The mTXNPx_red decamer binds thermally unfolded luciferase in the center of its ring. (A and B) Representative EM micrographs and selected single-particle images of negatively stained mTXNPx_red decamers alone (A) or after incubation with thermally unfolded luciferase (B). (C and D) Reference-free 2D projection averages showing top-down and side views of the mTXNPx_red decamer alone or with luciferase. The percentage of mTXNPx_red decamers in complex with luciferase varied between experiments. (Scale bars: 200 Å for the micrograph images and 50 Å for the boxed particles and averages.)

Fig. 6.

Chaperone activity of mTXNPxs is critical for Leishmania virulence. (A) Influence of a 20-fold molar excess of His.THR-mTXNPx_red on the in vitro thermal aggregation of luciferase. See the legend of Fig. 1 for details. (B) Analysis of mTXNPx expression in mtxnpx⁻ (lane 1), mtxnpx⁻/+mTXNPx (lane 2), and two mtxnpx⁻/+MTS.His.THR-mTXNPx (lanes 3 and 4, respectively) promastigote clones using a polyclonal antibody raised against the recombinant His.THR-MTS.mTXNPx. Purified mTXNPx and His.THR-mTXNPx were used as controls for the expected size of the proteins, and their position on the blot is indicated.
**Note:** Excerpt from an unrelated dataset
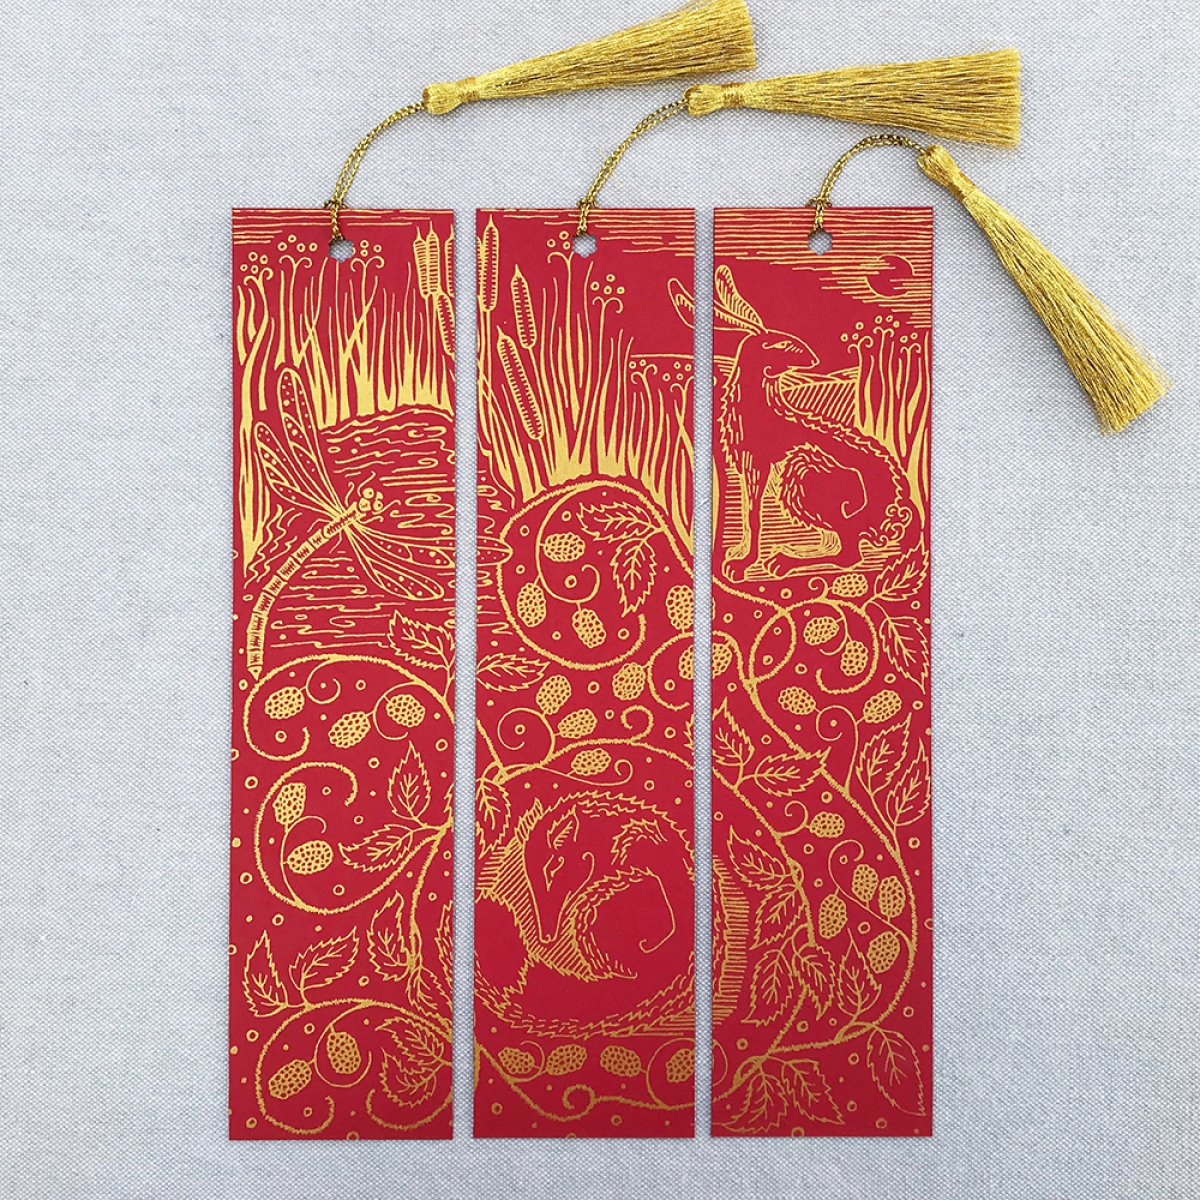 Nature Intertwined Hand Printed Triptych Bookmarks Guardsman Red Gold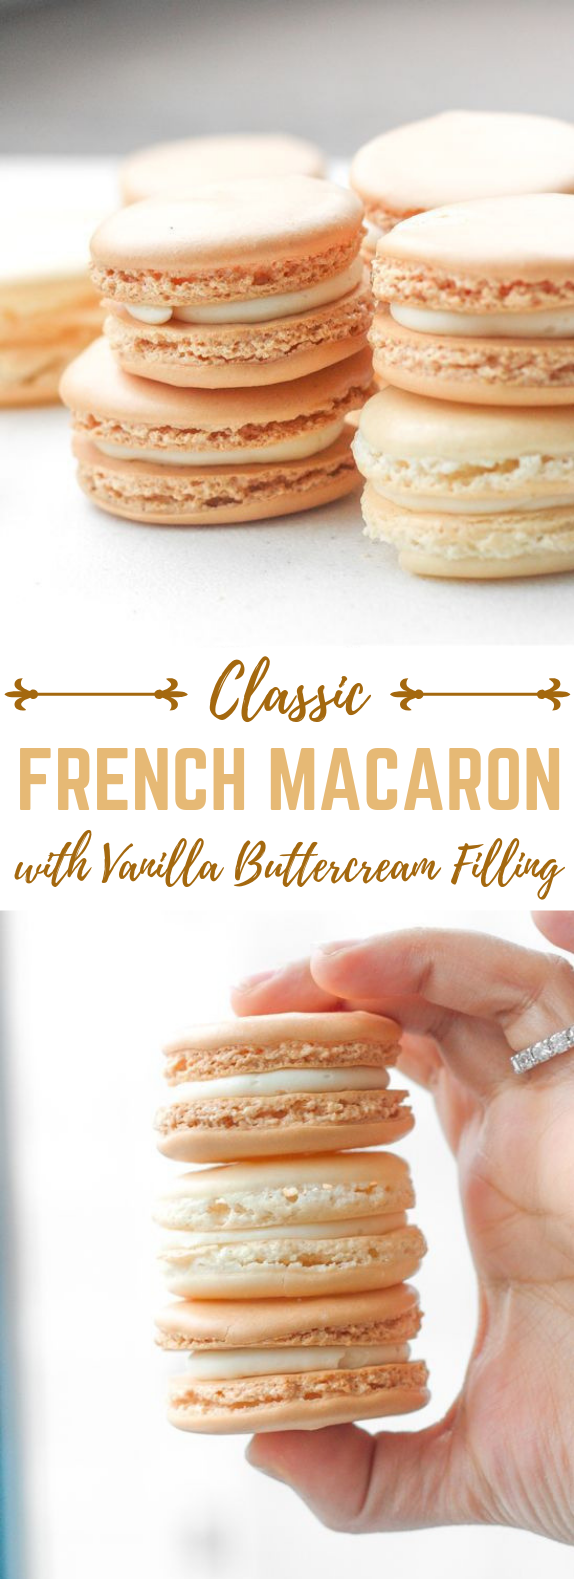 CLASSIC FRENCH MACARON WITH VANILLA BUTTERCREAM FILLING #sweets #bestdesserts

Ponceau S staining of the blot is shown as loading control. (C) Localization of the His.THR-mTXNPx chimera in mtxnpx⁻ promastigotes using indirect immunofluorescence with the anti-mTXNPx antibody (green) merged with DAPI (blue). Controls as described above are included. (D) Growth rate of mtxnpx⁻ (black circles), mtxnpx⁻/+mTXNPx (black squares), and two mtxnpx⁻/+MTS.His.THR-mTXNPx clones (dark gray triangles). (E) Parasite burden of BALB/c mice after 2 and 8 wk of infection. BALB/c mice were inoculated i.p. with stationary-phase promastigotes of the mtxnpx⁻/+mTXNPx clone (squares) or two mtxnpx⁻/+MTS.His.THR-mTXNPx clones (triangles). After 2 and 8 wk of infection, the number of parasites per gram of spleen (parasite burden, PB) was determined. Each point represents one animal. The red line indicates the detection limit of the technique (log₁₀ = 2.7). Animals with parasite burdens below this limit are “not detected” (ND) and are represented by red symbols.

Fig. 7.

Physiological role of mTXPNx’s chaperone function in Leishmania. Exposure of Leishmania promastigotes (the insect stage) to the mammalian body temperature of 37 °C leads to the protein unfolding. This change in temperature is sensed by reduced mTXNPx decamers and translated into structural rearrangements, which likely contribute to the activation of its chaperone function. Once they are chaperone active, mTXNPx decamers bind the client proteins in the center of their ringlike structure, preventing the client proteins from forming cytotoxic aggregates. Client proteins are maintained in a refolding-competent state and can be reactivated by members of the Hsp70 system in the presence of ATP. The working cycle of mTXNPx chaperone appears to be crucial for Leishmania to adapt to and survive the temperature encountered in the mammalian host and hence to generate viable amastigotes.